Recently we suffered a pandemic of Swine flu due to H1N1 Virus ,previous to it an Avian flu but now our Capital is adding a new Pandemic to world as  threat of NDM-1 Bacteria,originating from New Delhi, Called New Delhi Metallo-beta-Lactamase-1, is a new Superbug identified by the researchers and is resistant to all known antibiotics.  These are not being killed by modern Carbopenams (meropenam) and other Beta Lactamase Inhibitors (Tazobactum,sulbactum,pipercillin) as a result more infection to wounds will come to a normal patients in our hospital and those compromised like diabetics, suffering from cancer, HIV, getting, immunosupressants for transplants, immunological disorders, on steroid, cancer chemotherapy, elderly and childrens.

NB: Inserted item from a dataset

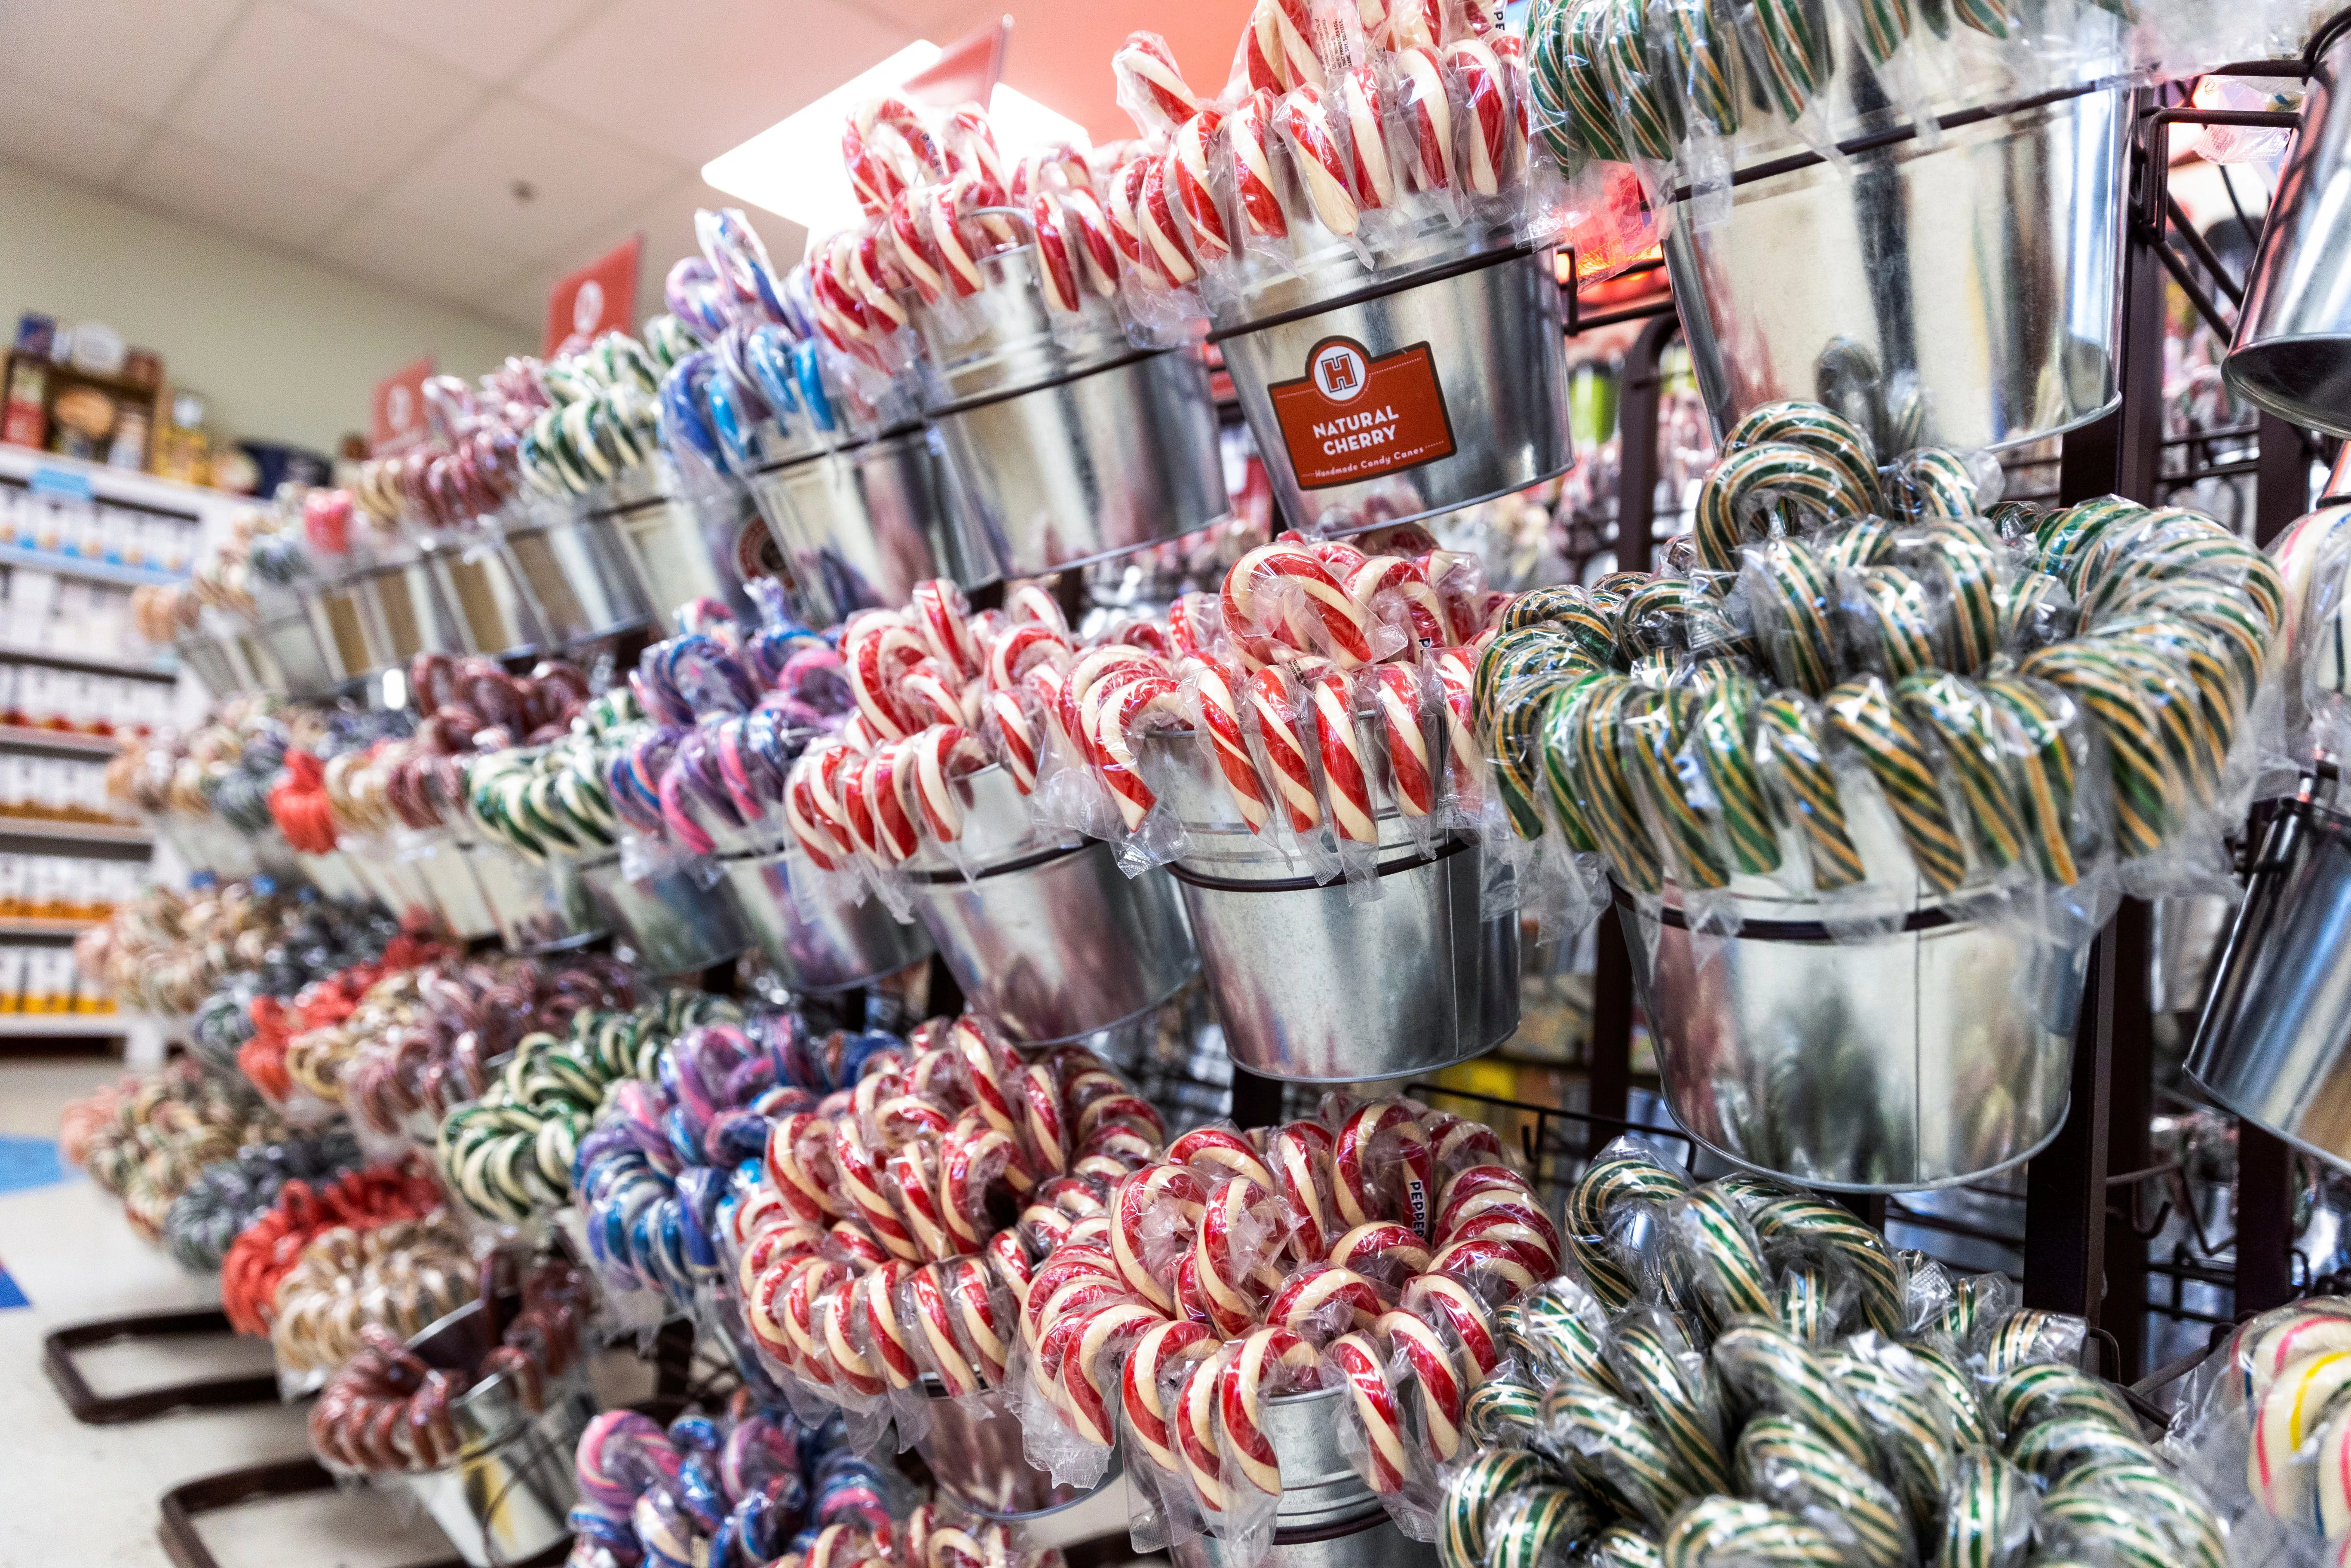 candy-cane-manufacturer-in-colorado-struggles-ahead-of-key-christmas-sales-season

Lancet Infectious disease journal reports 50 such cases. Most of them have carried this infection from India, Pakistan and Bangladesh. The superbug NDM-1 is named after the national capital, where a Swedish patient was reportedly infected after undergoing a surgery in 2008. It is much more dangerous than the notorious MRSA infection. MDM-1 is an enzyme produced by certain bacteria, which allows them to neutralize the harmful effects of carbapenem one of the most powerful types of antibiotics. Currently no new types of antibiotics are in the development pipeline that will be effective against it. Enzymes such MDM-1 are produced by strands of DNA which bacteria are known to transfer between one another. Currently E Coli and Klebsiella Pneumoniae are the two bacteria who are host to MDM-1. What makes the superbug more dangerous is its ability to jump across different bacterial species. The superbug has the potential to get copied and transferred between bacteria, allowing it to spread rapidly. If it spreads to an already hard-to-treat bacterial infection, it can turn more dangerous.The current treatment option is to treat them with a cocktail of antibiotics. Most new antibiotics currently under development are effective only against gram positive bacteria like super bug MRSA. Unfortunately, bacteria that carry the NDM-1 enzymes are gram negative.

A joint study was led by Chennai- based Karthikeyan Kumarasamy, pursuing his PhD at University of Madras and UK-based Timothy Walsh from department of immunity, infection and biochemistry, department of medicine, Cardiff University. They found the bug in most of the hospitals in Chennai and Haryana with estimated prevalence of this infection 1.5%. They reported the superbug in 44 patients in Chennai, 26 in Haryana, 37 in the UK and 73 in other places across India, Pakistan and Bangaladesh. gram negative sepsis with culture report: resistant to all antibiotics. We have been seeing such cases in the last few years. Now we have a name for this disease. Many of the doctors are deying its existance and linking it to a move against medical tourism in India. But the ICMR, NICD should work on it and come out with guidelines for this infection as no one can deny the fact that we do see cases of gram negative sepsis with E Coli or Klebsiella with culture report resistant to all antibiotics.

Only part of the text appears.